Do you use CPython or another Python implementation like PyPy?

And could you perhaps provide the relevant lines from the traceback?

Thanks for your time.

Python:

Python 3.11.1 (tags/v3.11.1:a7a450f, Dec  6 2022, 19:58:39) [MSC v.1934 64 bit (AMD64)] on win32
Type "help", "copyright", "credits" or "license" for more information.
>>> import platform                                                   
>>> platform.python_implementation()
'CPython'

Traceback:

Traceback (most recent call last):
  ...
  File "C:\foo\filter_json.py", line 154, in main
    json.dump(
  File "C:\bar\python\Lib\json\__init__.py", line 179, in dump
    for chunk in iterable:
  File "C:\bar\python\Lib\json\encoder.py", line 430, in _iterencode
    yield from _iterencode_list(o, _current_indent_level)
  File "C:\bar\python\Lib\json\encoder.py", line 326, in _iterencode_list
    yield from chunks
  File "C:\bar\python\Lib\json\encoder.py", line 406, in _iterencode_dict
    yield from chunks
  File "C:\bar\python\Lib\json\encoder.py", line 297, in _iterencode_list
    for value in lst:
  File "C:\bar\python\Lib\site-packages\json_stream\writer.py", line 17, in __next__
    return next(self._it)
           ^^^^^^^^^^^^^^
  File "C:\foo\filter_json.py", line 222, in process_results
    for result in results:
  File "C:\bar\python\Lib\site-packages\json_stream\base.py", line 48, in _iter_items
    self._clear_child()
  File "C:\bar\python\Lib\site-packages\json_stream\base.py", line 41, in _clear_child
    self._child.read_all()
  File "C:\bar\python\Lib\site-packages\json_stream\base.py", line 62, in read_all
    collections.deque(self._iter_items(), maxlen=0)
  File "C:\bar\python\Lib\site-packages\json_stream\base.py", line 50, in _iter_items
    item = self._load_item()
           ^^^^^^^^^^^^^^^^^
  File "C:\bar\python\Lib\site-packages\json_stream\base.py", line 215, in _load_item
    token_type, k = next(self._stream)
                    ^^^^^^^^^^^^^^^^^^
OSError: I/O error while parsing (index 831999): Custom { kind: Other, error: "OverflowError: int too big to convert" }

Question: Is index 831999 a line number, or something else?

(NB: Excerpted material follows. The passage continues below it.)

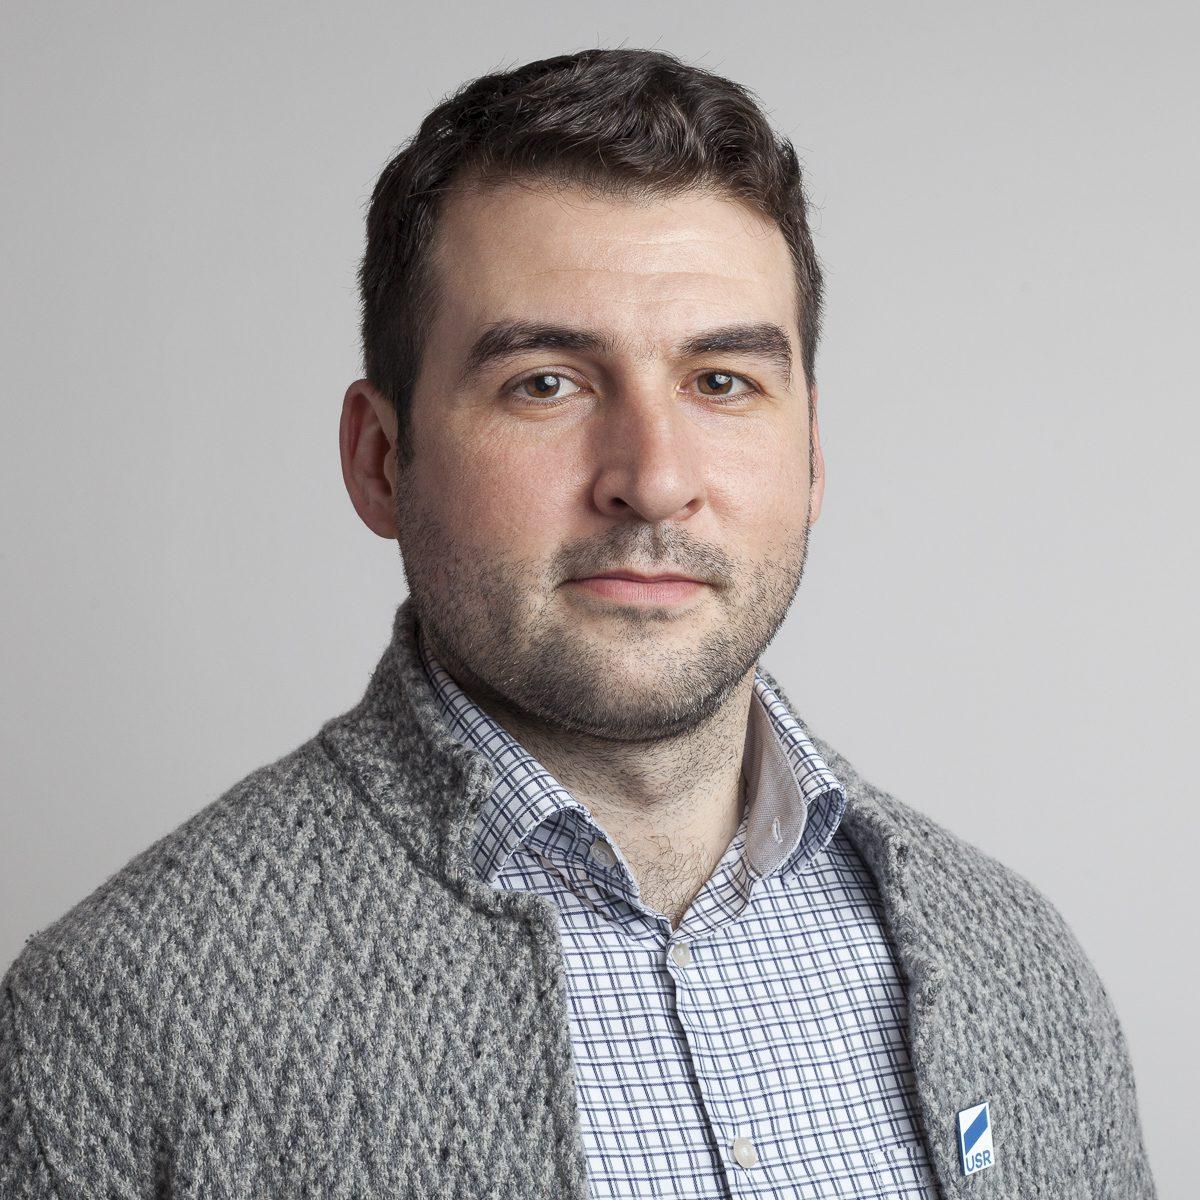 Mihai Vădan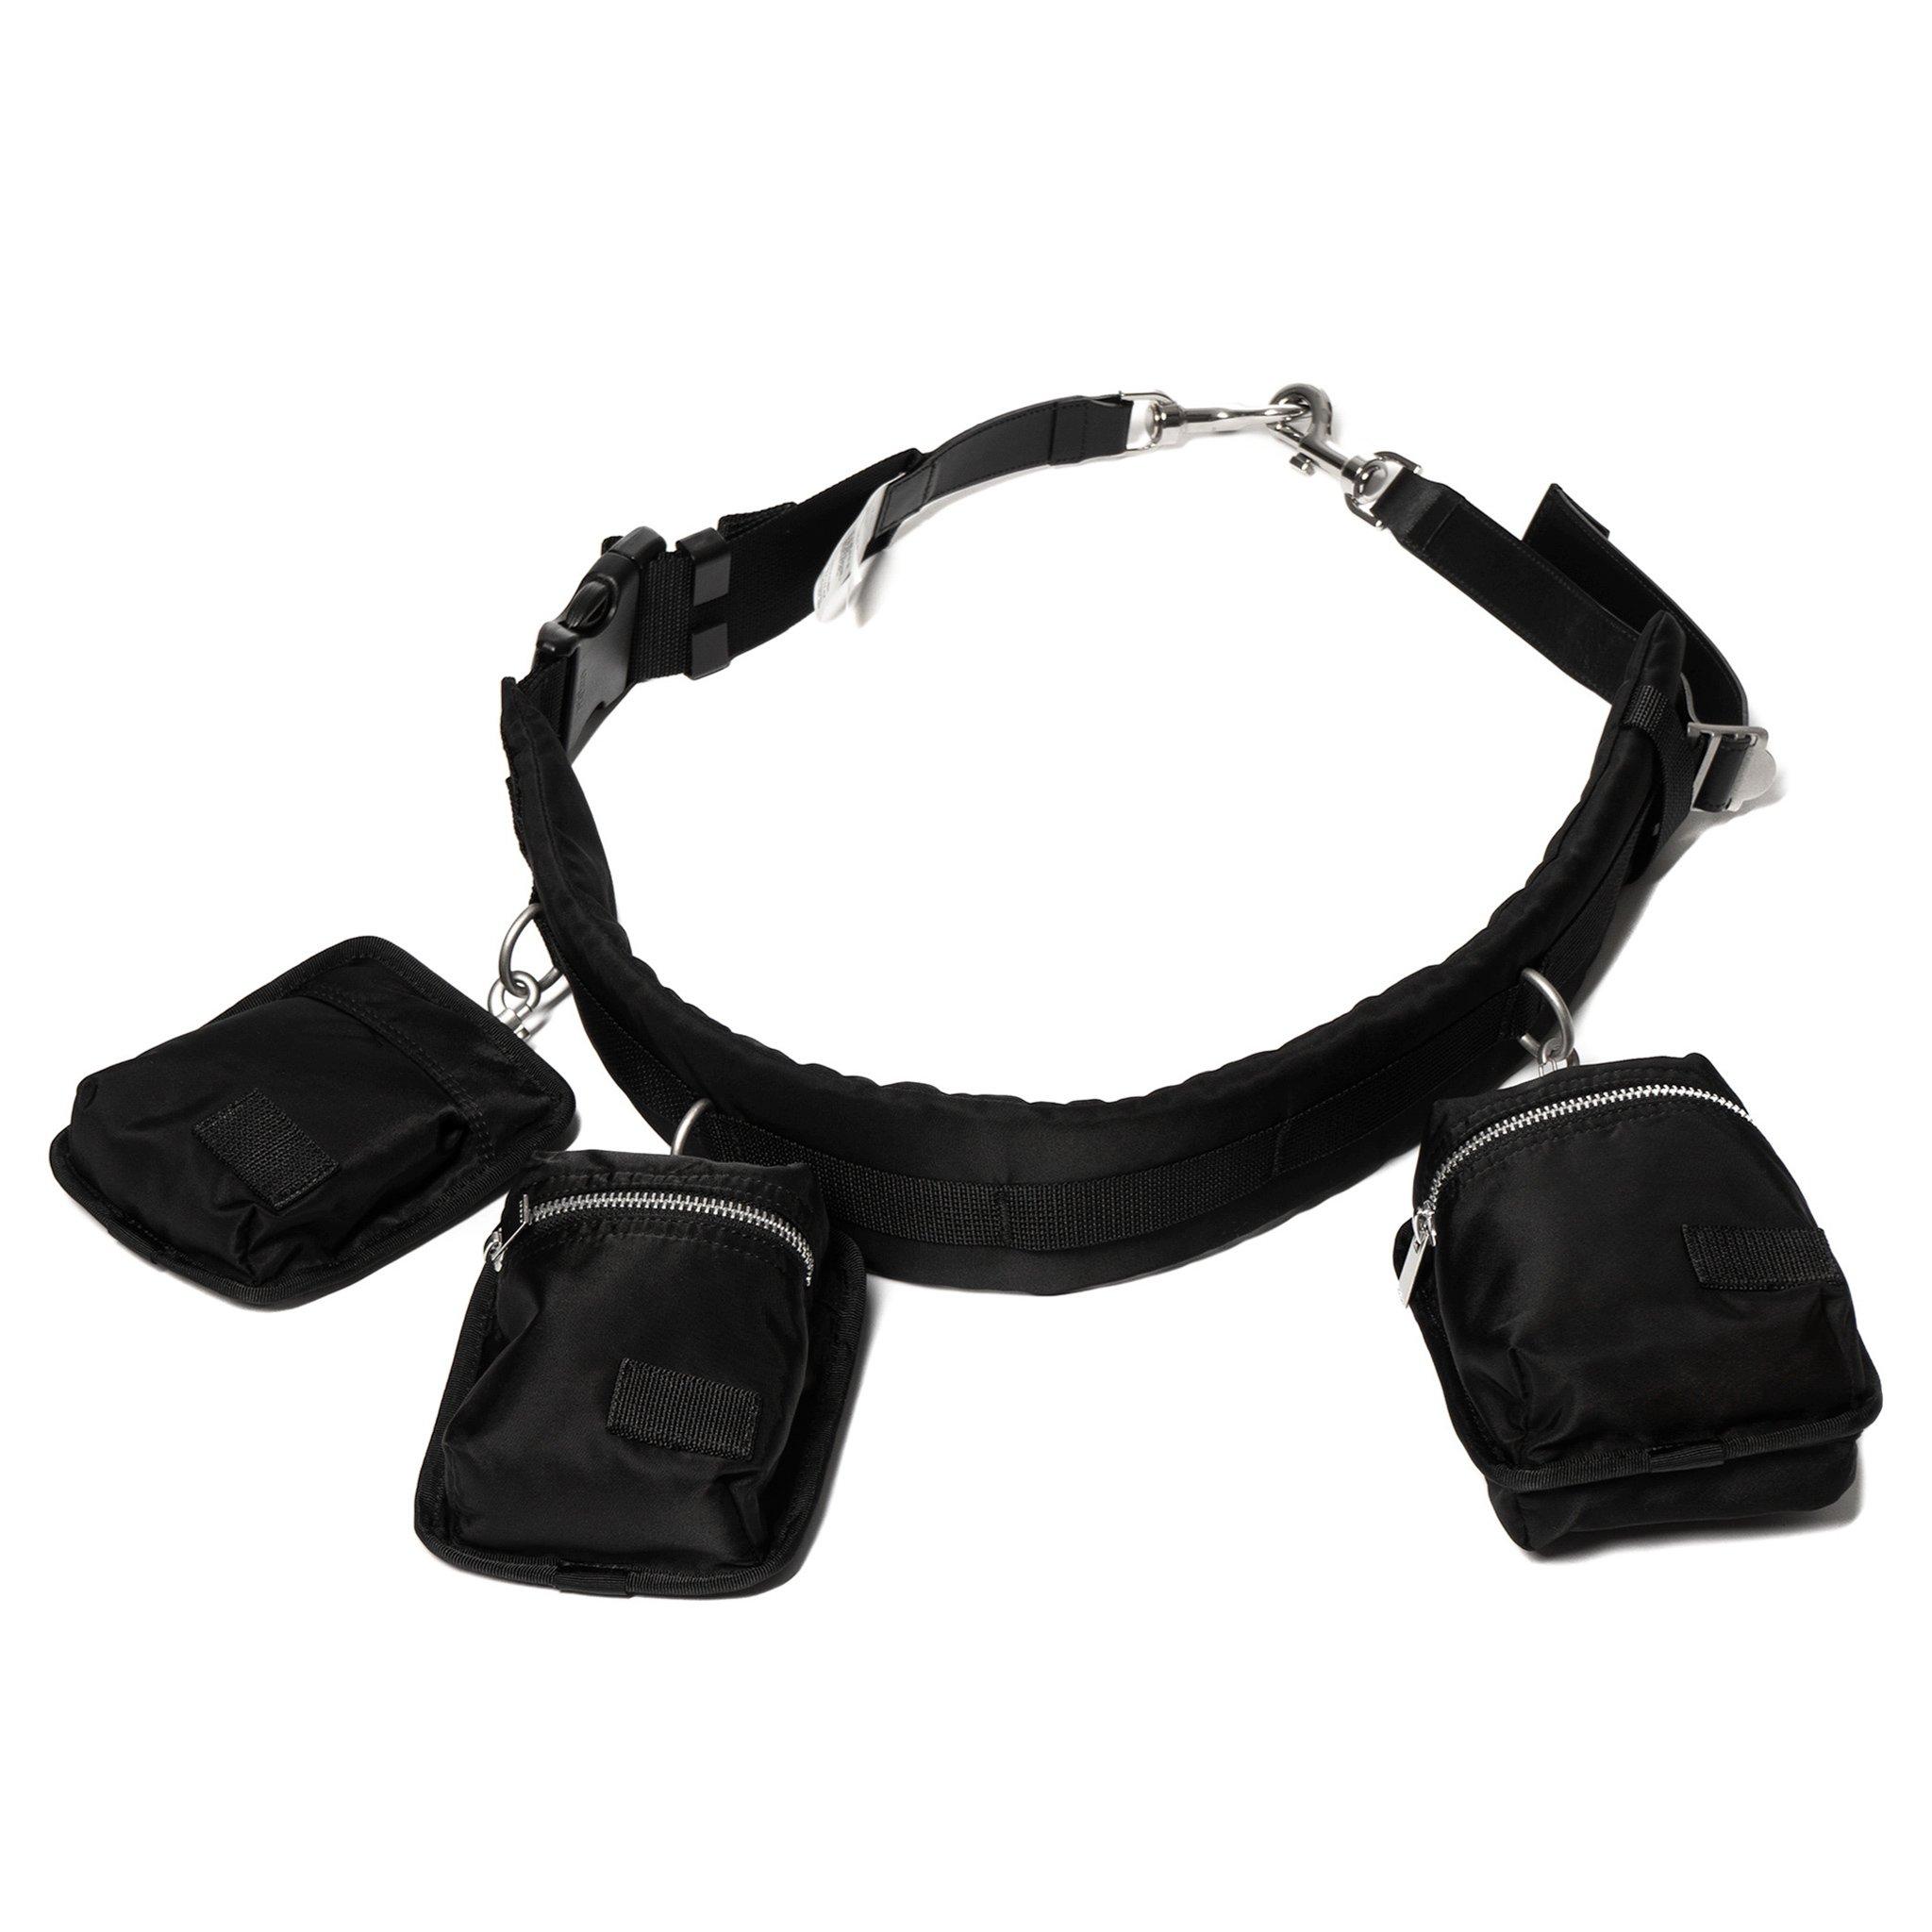 HAVEN-Sacai-Belt-Bag-BLACK-1_2048x2048.progressive.jpg

Oh good, it outputs the index - so you should be able to look at what's around that point in your JSON file using a script like this:

with open("/path/to/your/json-file") as f:
  f.seek(831900)
  print(repr(f.read(200)))

That would help a lot to try and figure out what's wrong. Maybe the numbers need tweaking though if you opened the file as a bytes stream instead of text stream and your file has a lot of UTF-8 (as far as I remember, the index in exceptions is always in characters, not in bytes).

Sorry, wrote the above before I saw your message. index should be a number-of-UTF-8-characters offset (not byte offset) from the start of the file.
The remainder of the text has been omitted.